In considering which organisations are best positioned to help me achieve this, there's a solid selection that are at the front of my mind. There's also a bunch that I have enormous respect for but are less well-equipped to help me achieve this. As the process plays out, I'll be working with KPMG to more clearly identify which organisations fit into the first category. As I'm sure you can imagine, there are some very serious discussions to be had: where HIBP would fit into the organisation, how they'd help me achieve those bullet-pointed objectives above and frankly, whether it's the right place for such a valuable service to go. There are also some major personal considerations for me including who I'd feel comfortable working with, the impact on travel and family and, of course, the financial side of the whole thing. I'll be honest - it's equal parts daunting and exciting.

Last week I began contacting each stakeholder that would have an interest in the outcome of Project Svalbard before making it public in this blog post. I explained the drivers behind it and the intention for this exercise to make HIBP not just more sustainable, but also for it to make a much bigger impact on the data breach landscape. This has already led to some really productive discussions with organisations that could help HIBP make a much more positive impact on the industry. There's been a lot of enthusiasm and support for this process which is reassuring.

One question I expect I'll get is "why don't I turn it into a more formal, commercially-centric structure and just hire people?" I've certainly had that opportunity for some time either by funding it myself or via the various VCs that have come knocking over the years. The main reason I decided not to go down that path is that it massively increases my responsibilities at a time where I really need to reduce the burden on me. As of today, I can't just switch off for a week and frankly, if I tried even for a day I'd be worried about missing something important. In time, building up a company myself might allow me to do that but only after investing a substantial amount of time (and money) which is just not something I want to do at this point.


I'm enormously excited about the potential of Project Svalbard. In those early discussions with other organisations, I'm already starting to see a pattern emerge around better managing the entire data breach ecosystem. Imagine a future where I'm able to source and process much more data, proactively reach out to impacted organisations, guide them through the process of handling the incident, ensure impacted individuals like you and me better understand our exposure (and what to do about it) and ultimately, reduce the impact of data breaches on organisations and consumers alike. And it goes much further than that too because there's a lot more that can be done post-breach, especially to tackle attacks such as the huge rate of credential stuffing we're seeing these days. I'm really happy with what HIBP has been able to do to date, but I've only scratched the surface of potential with it so far.

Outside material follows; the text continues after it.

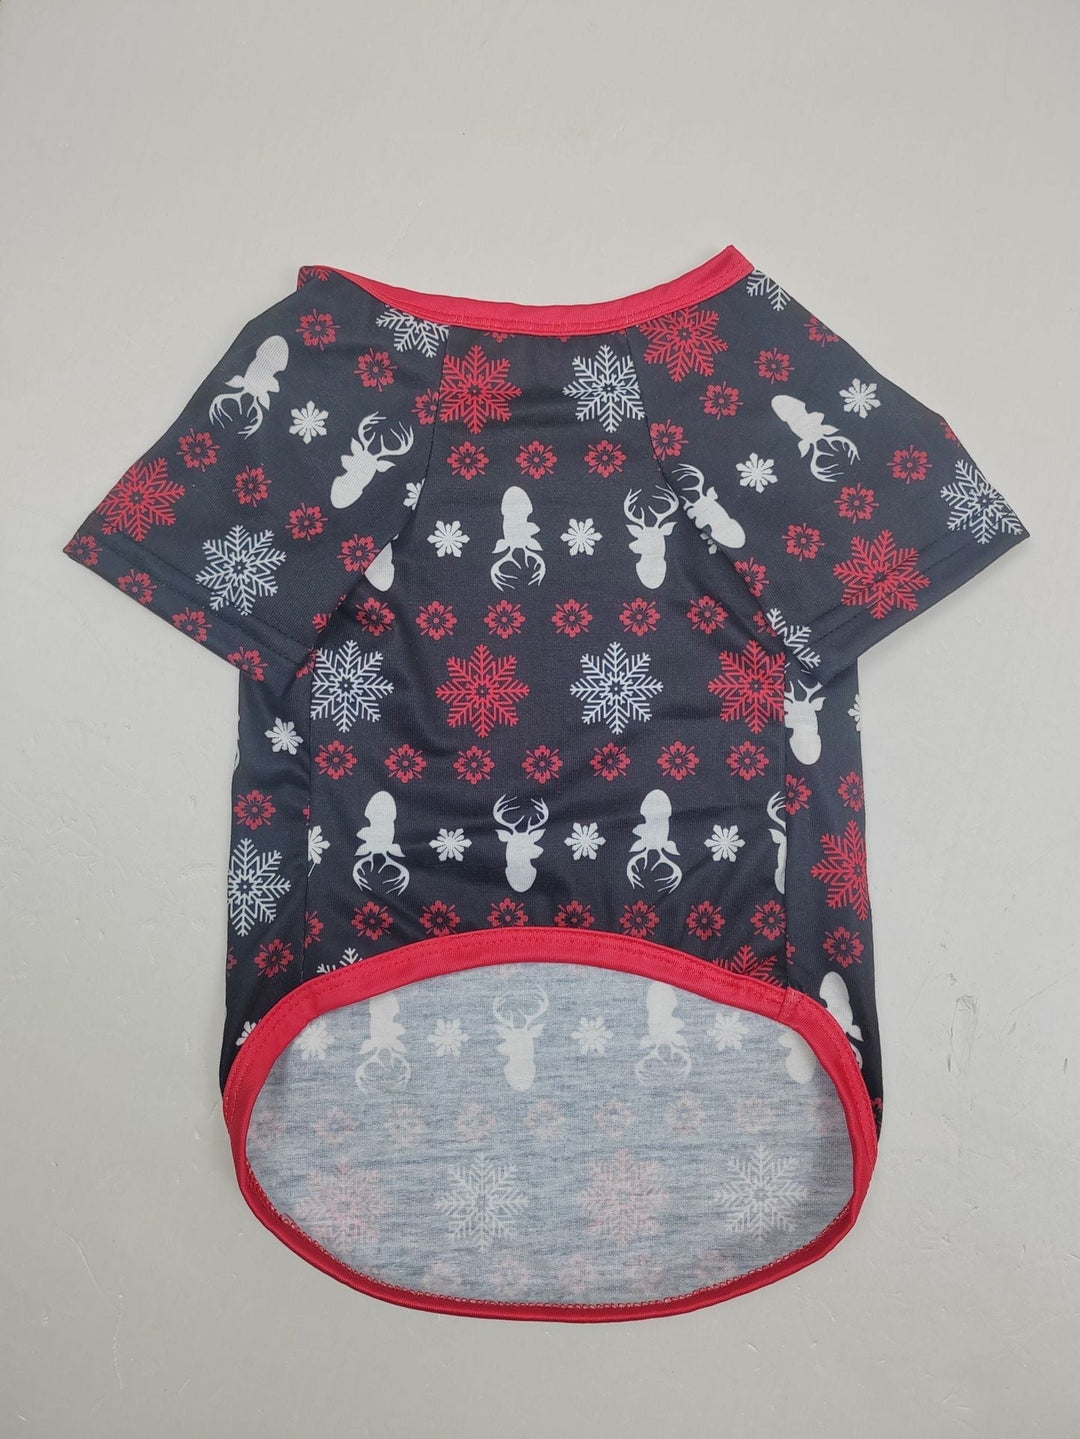 Set pigiama coordinato natalizio con cervo delle nevi rosso natalizio (con vestiti per cani)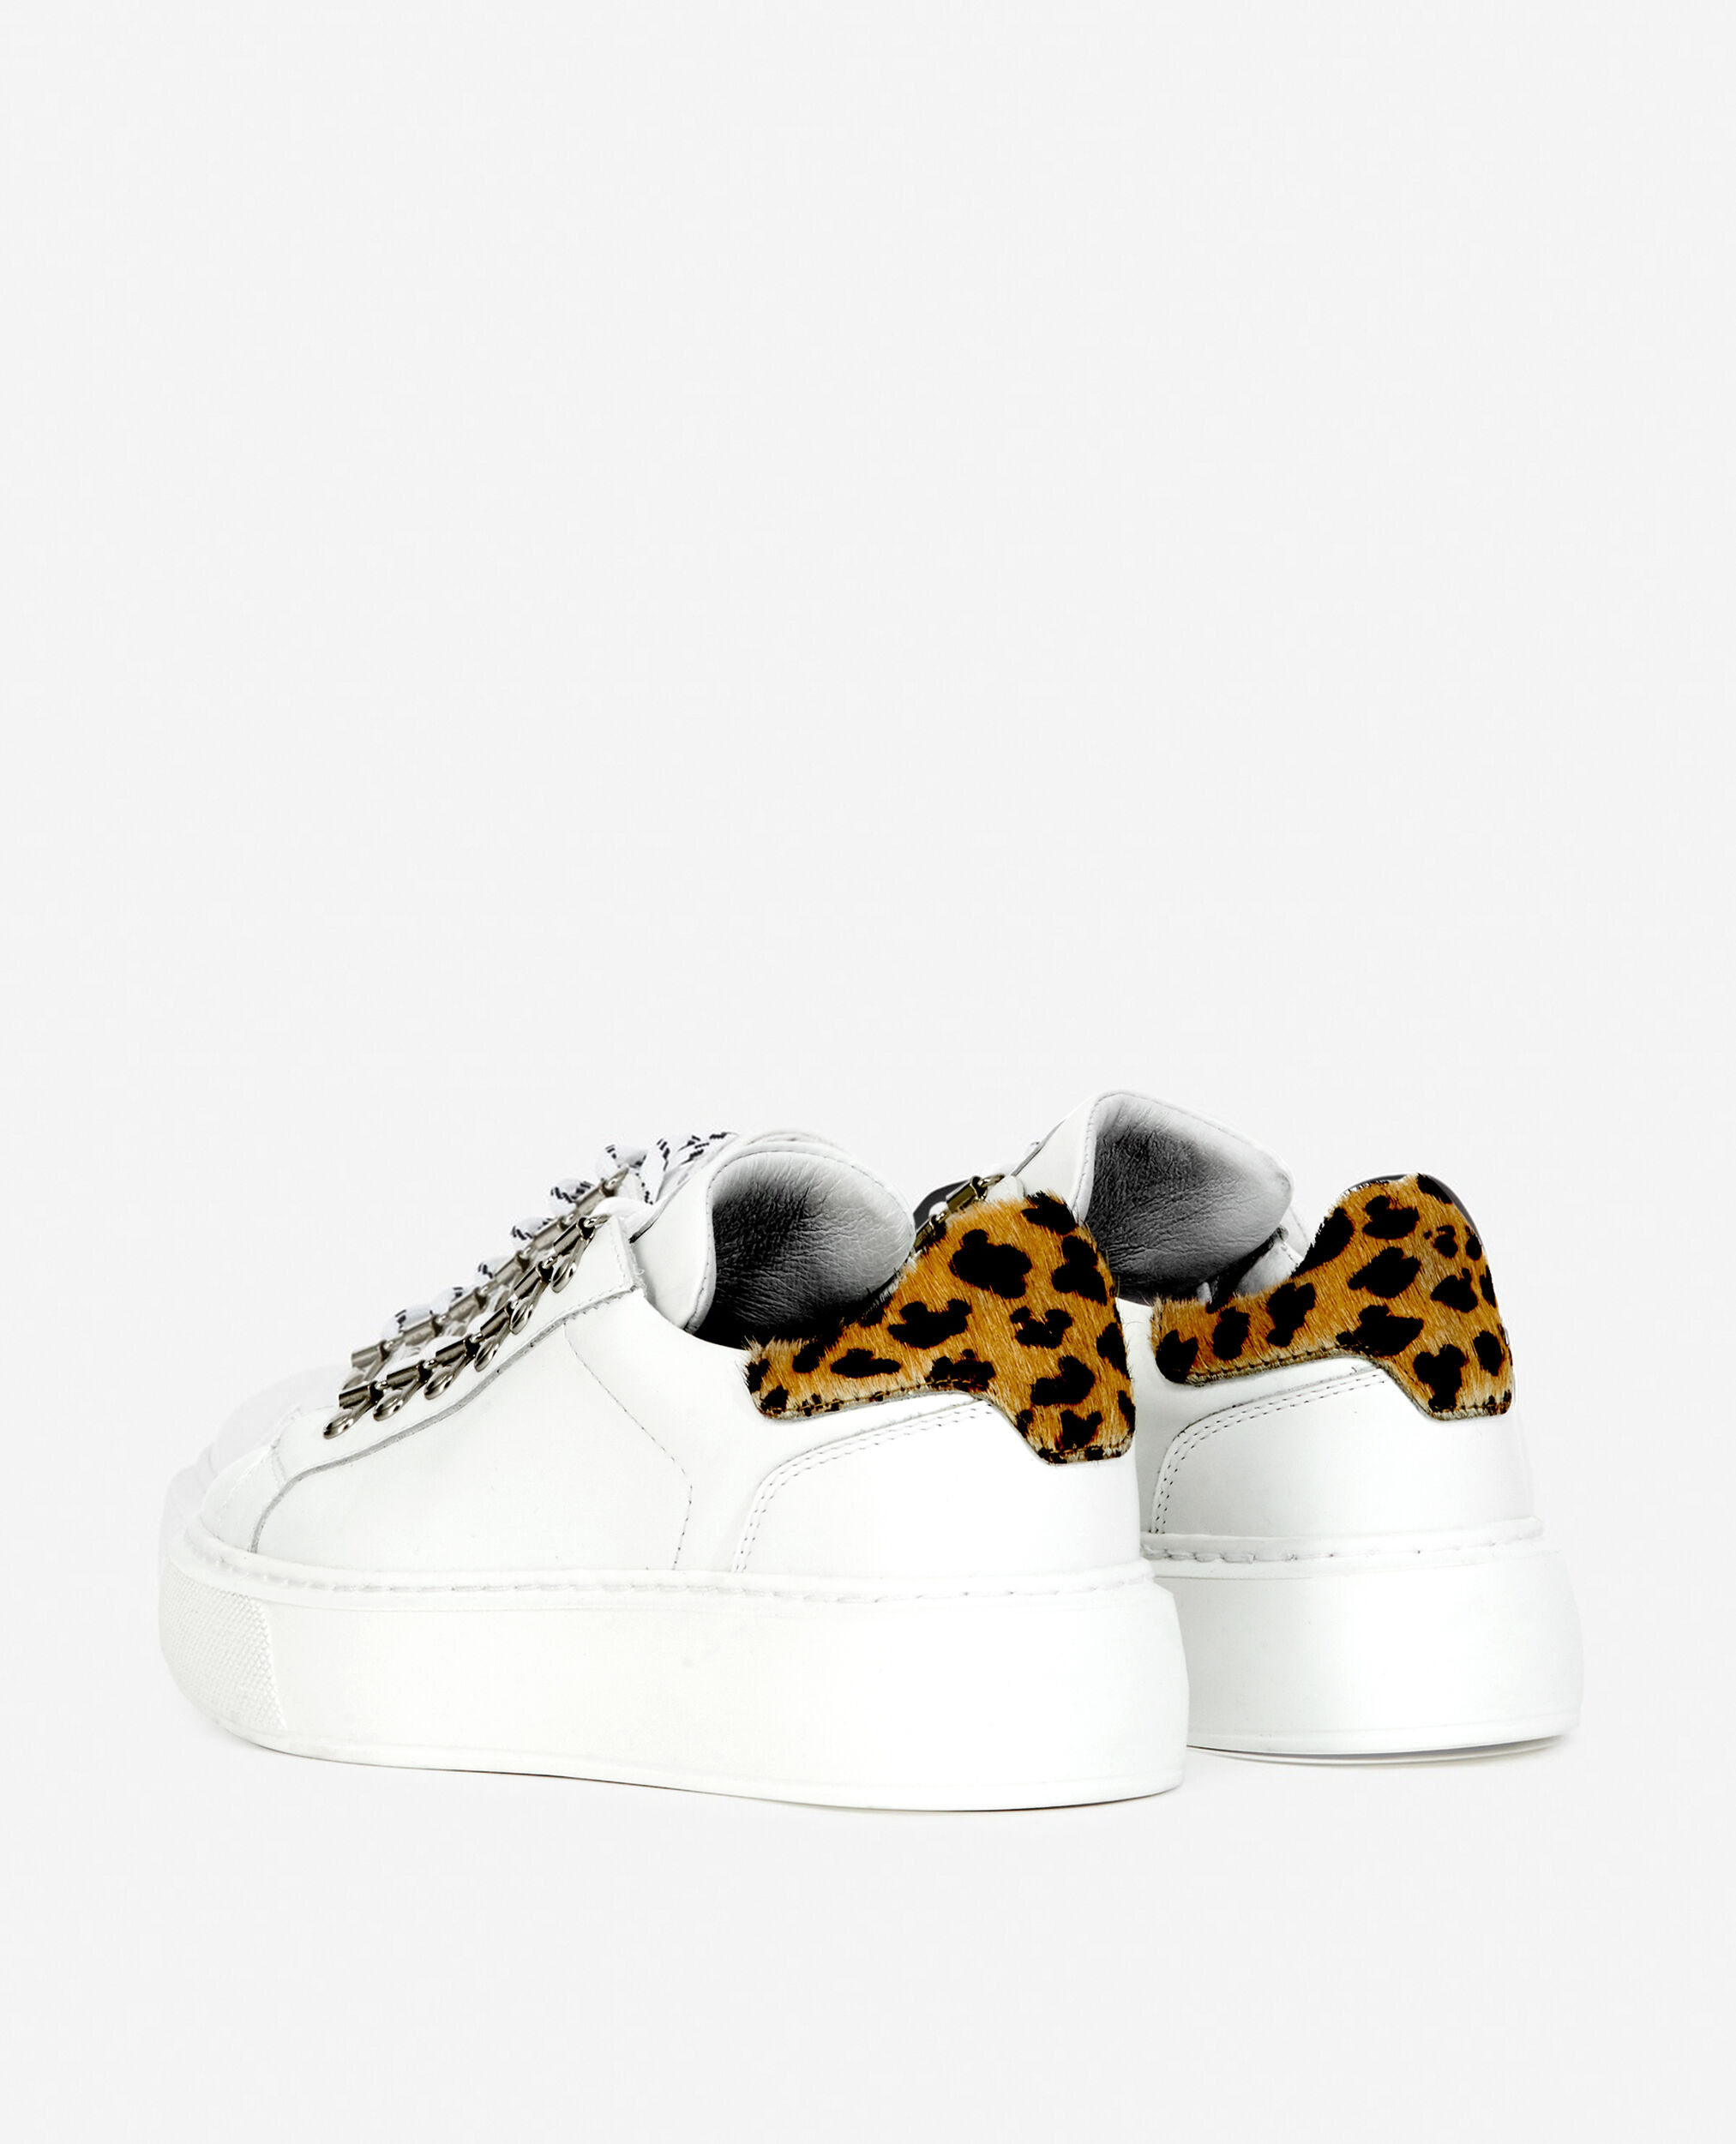 Zapatillas de piel lisa blanca con detalle de leopardo, WHITE LEOPARD, hi-res image number null

I've made this decision at a time where I have complete control of the process. I'm not under any duress (not beyond the high workload, that is) and I've got time to let the acquisition search play out organically and allow it to find the best possible match for the project. And as I've always done with HIBP, I'm proceeding with complete transparency by detailing that process here. I'm really conscious of the trust that people have put in me with this service and every single day I'm reminded of the responsibility that brings with it.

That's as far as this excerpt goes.